Failure enrichers are holding custom user logic and may also emit pre-defined labels (string kv pairs) that are exposed via the Job Masters’ REST interface.
This enables use-cases like: assigning particular types to failures (e.g., User or System), emitting custom metrics per type (e.g., application or platform), exposing failures to downstream consumers (e.g., notification systems).

Public interfaces

The public facing changes this FLIP introduces include:

  1. A config option for FailureEnrichers.
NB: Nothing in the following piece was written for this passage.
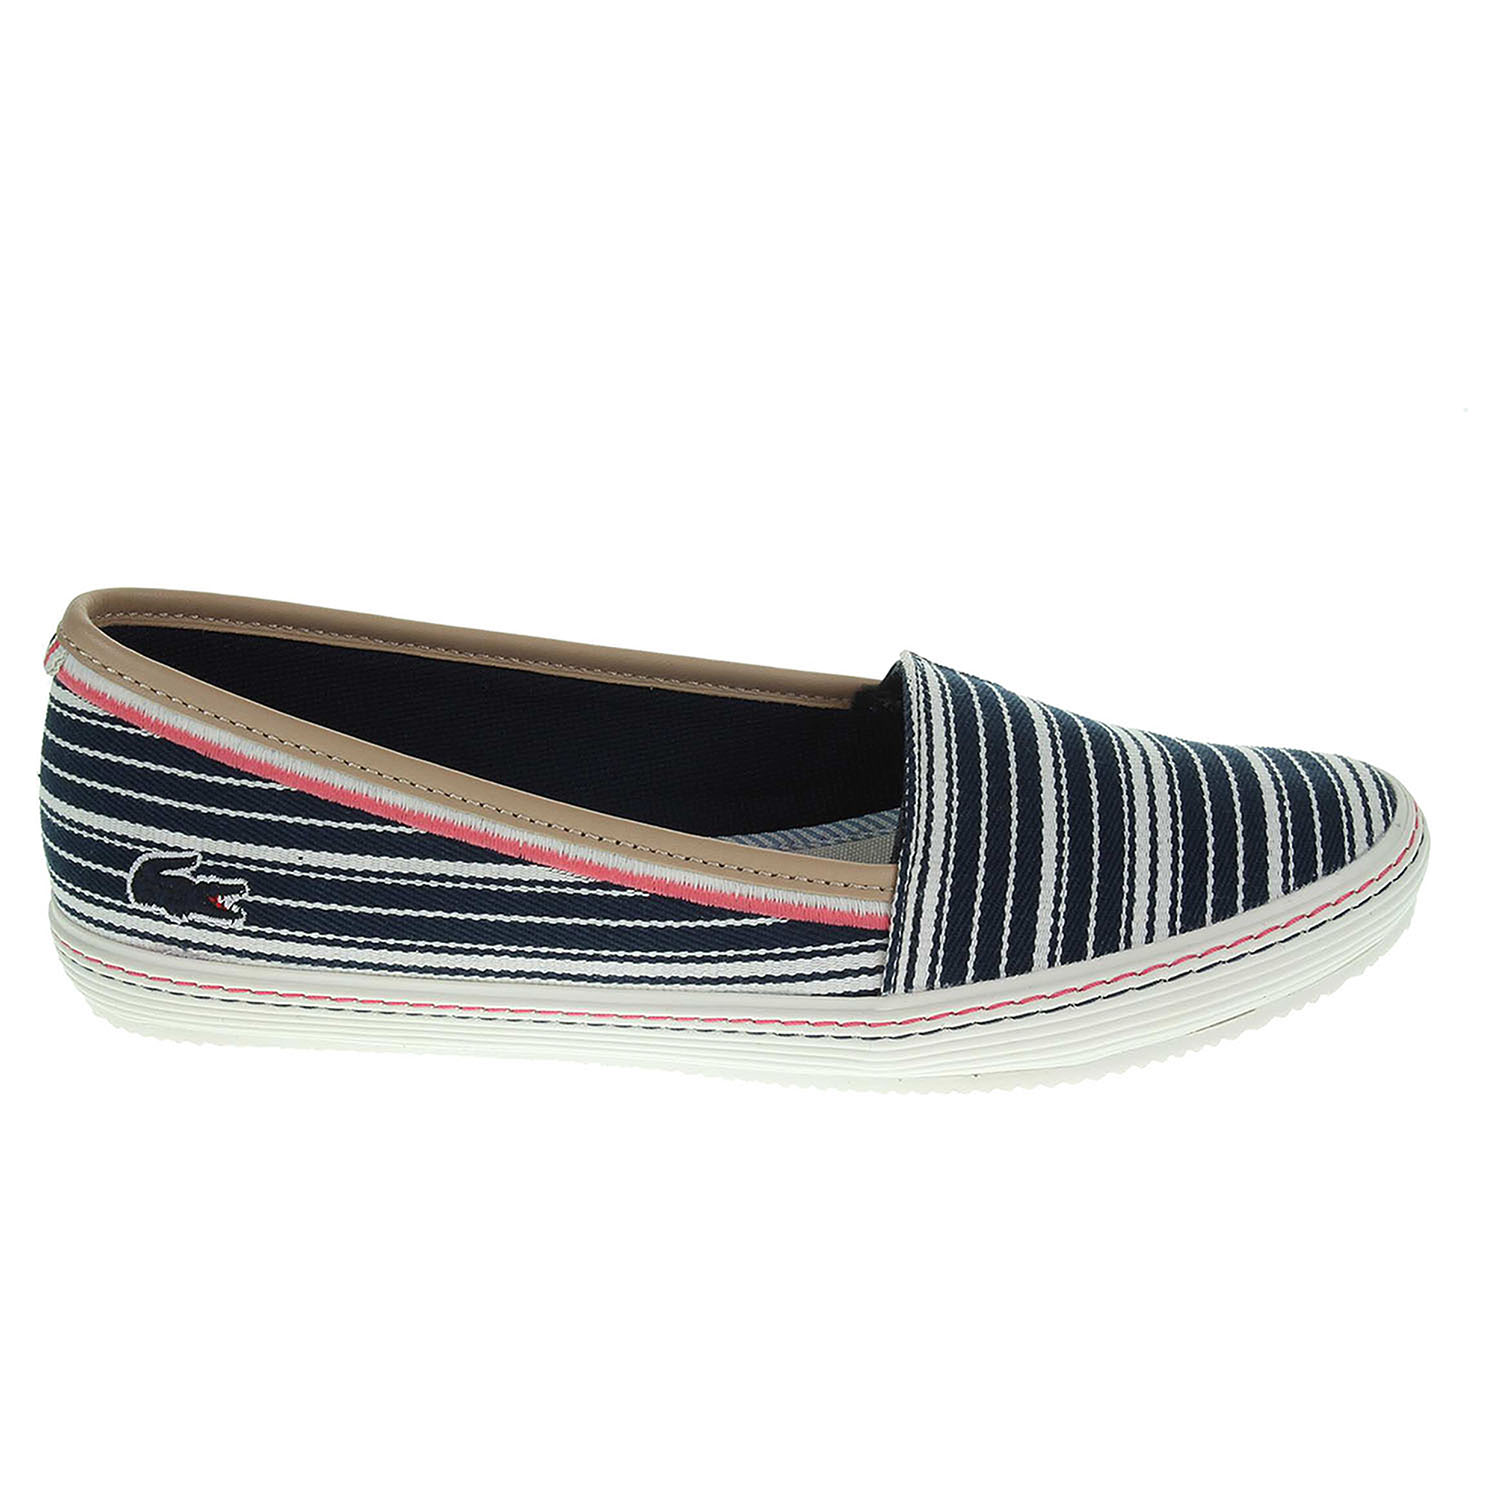 Lacoste Orane dámská obuv modrá 38 modrá modrá
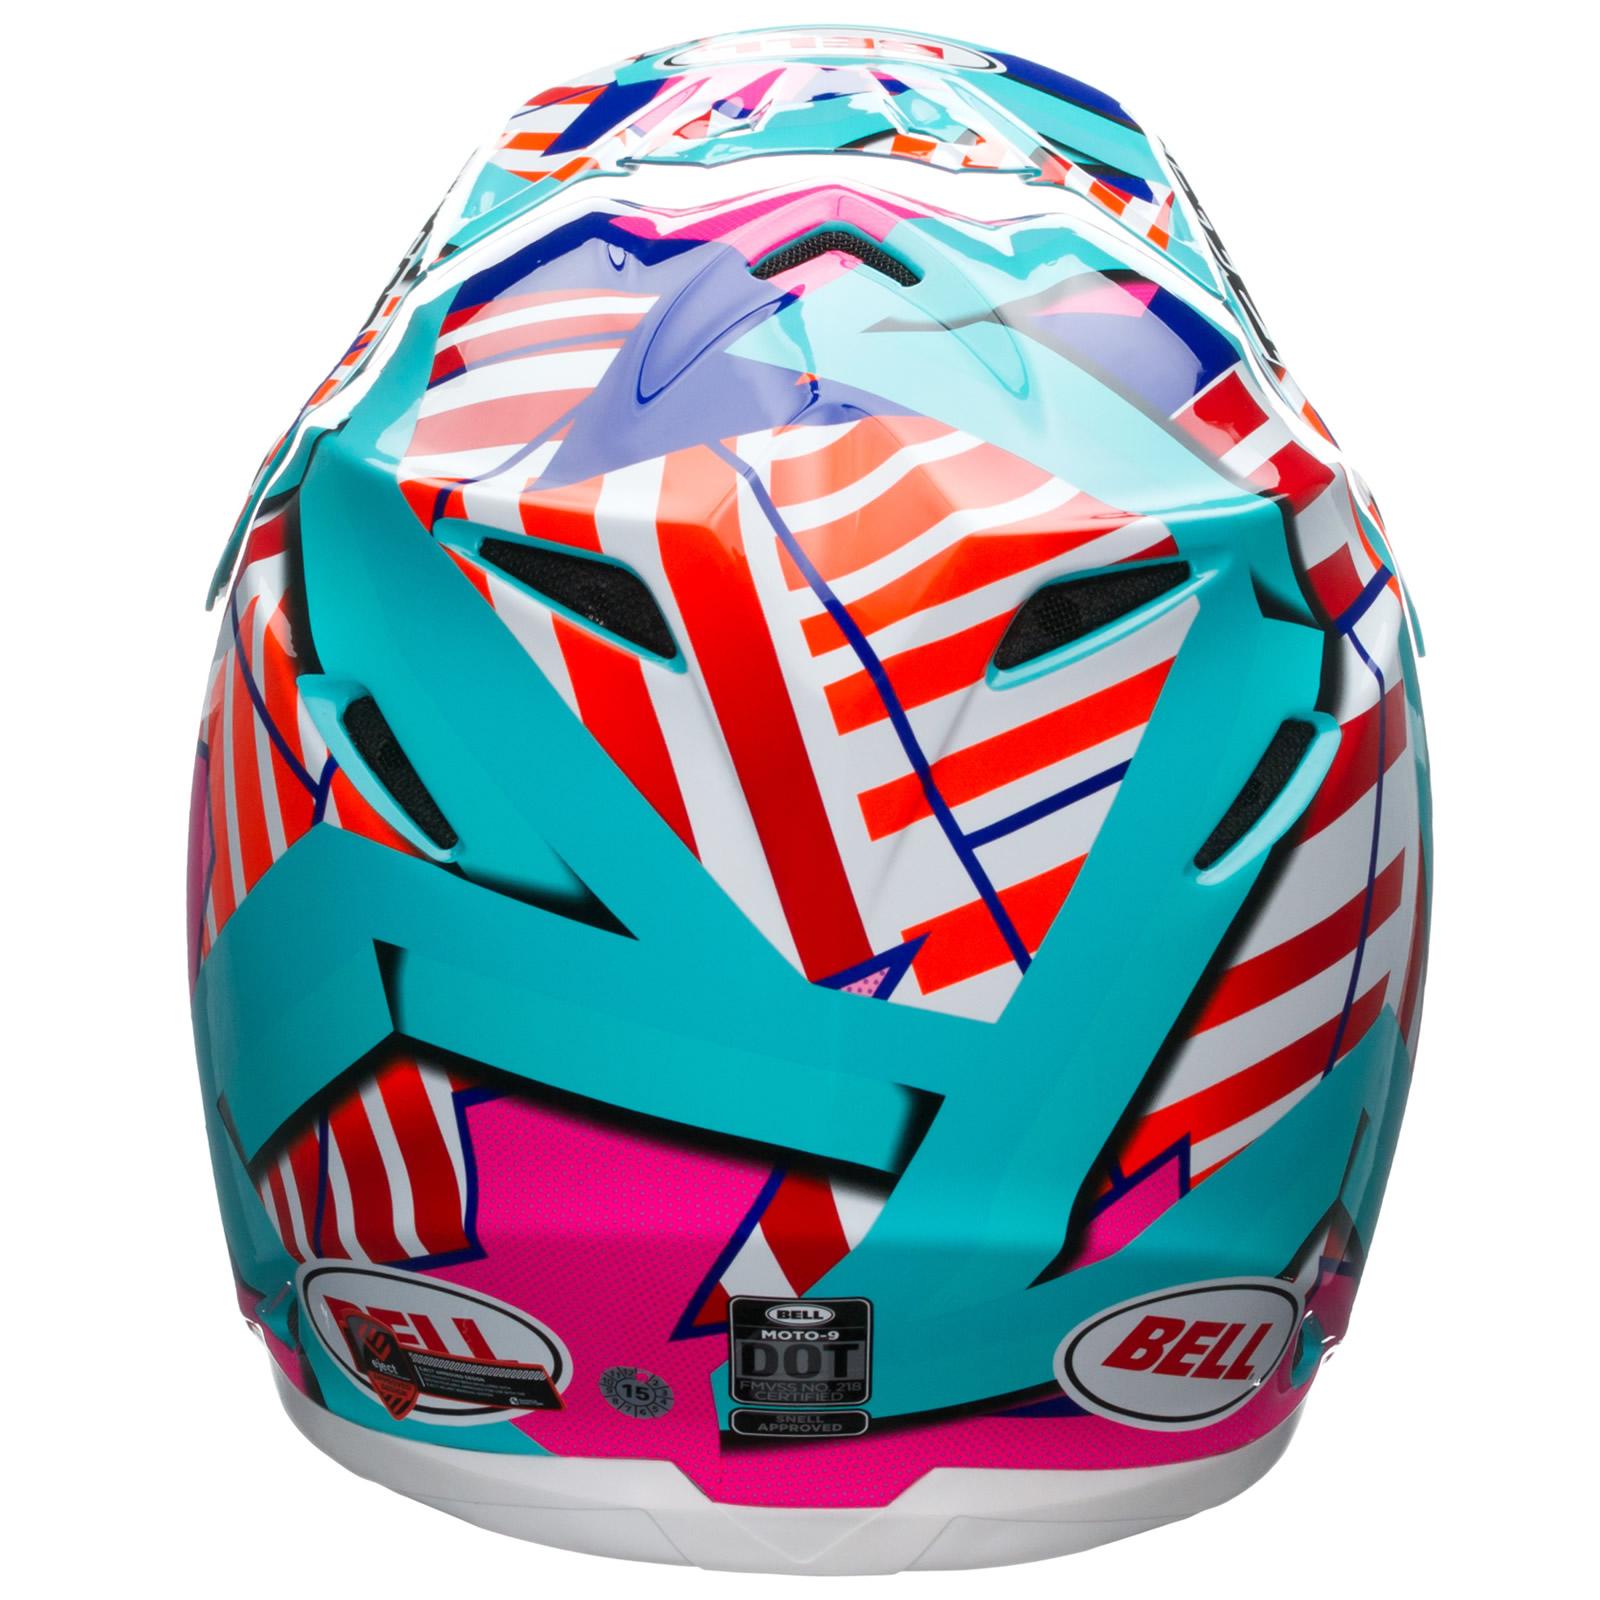 bell moto 9 tagger trouble motocross helmet dot approved mx atv off road ebay. Black Bedroom Furniture Sets. Home Design Ideas

    1. Key: jobmanager.failure-enrichers

    2. Default: empty

    3. Description: An optional list of failure enricher names. If empty, NO failure enrichers will be started. If configured, only enrichers whose name matches any of the names in the list will be started.
      Example:

      jobmanager.failure-enrichers = org.apache.flink.test.plugin.jar.failure.TypeFailureEnricher



  2. Introducing FailureEnricher/Context and FailureEnricherFactory interfaces for defining and loading (using the plugin manager) custom Enricher implementations respectively.

    /**
     * Failure Enricher enabling custom logic and attaching metadata in the form of labels to each type
     * of failure as tracked in the job manager.
     */
    @Experimental
    public interface FailureEnricher {
    
        /**
         * Method to list all the label Keys the enricher can associate with Values in case of a failure
         * {@code processFailure}. Note that Keys must unique and properly defined per enricher
         * implementation otherwise will be ignored.
         *
         * @return the unique label Keys of the FailureEnricher
         */
        Set<String> getOutputKeys();
    
        /**
         * Method to handle a failure as part of the enricher and optionally return a map of KV pairs
         * (labels). Note that Values should only be associated with Keys from {@code getOutputKeys}
         * method otherwise will be ignored.
         *
         * @param cause the exception that caused this failure
         * @param context the context that includes extra information (e.g., if it was a global failure)
         * @return map of KV pairs (labels) associated with the failure
         */
        CompletableFuture<Map<String, String>> processFailure(
                final Throwable cause, final Context context);
    
        /**
         * An interface used by the {@link FailureEnricher}. Context includes an executor pool for the
         * enrichers to run heavy operations, the Classloader used for code gen, and other metadata.
         */
        @Experimental
        interface Context {
    
            /** Type of failure. */
            enum FailureType {
                /* happened in the scheduler context */
                GLOBAL,
                /* happened in the task manager context */
                LOCAL,
                /* caused by task manager disconnection/HB timeout */
                DISCONNECT
            }
    
            /**
             * Return the type of the failure e.g., global failure that happened in the scheduler
             * context.
             *
             * @return FailureType
             */
            FailureType getFailureType();
    
            /**
             * Get the user {@link ClassLoader} used for code generation, UDF loading and other
             * operations requiring reflections on user code.
             *
             * @return the user ClassLoader
             */
            ClassLoader getUserClassLoader();
    
            /**
             * Get an Executor pool for the Enrichers to run async operations that can potentially be
             * IO-heavy.
             *
             * @return the Executor pool
             */
            Executor getIOExecutor();
        }
    }
    /** Factory class for creating {@link FailureEnricher}. */
    @Experimental
    public interface FailureEnricherFactory extends Plugin {
    
        /**
         * Construct a FailureEnricher.
         *
         * @param conf configuration for this failure enricher
         * @param jobId the ID of the job
         * @param jobName the name of the job
         * @param metricGroup the metric group of the JobMaster
         * @return the FailureEnricher
         */
        FailureEnricher createFailureEnricher(
                Configuration conf, JobID jobId, String jobName, MetricGroup metricGroup);
    }
  3. Runtime REST API snaphot update -- job exceptions now include the labels emitted by failure enricher implementations. 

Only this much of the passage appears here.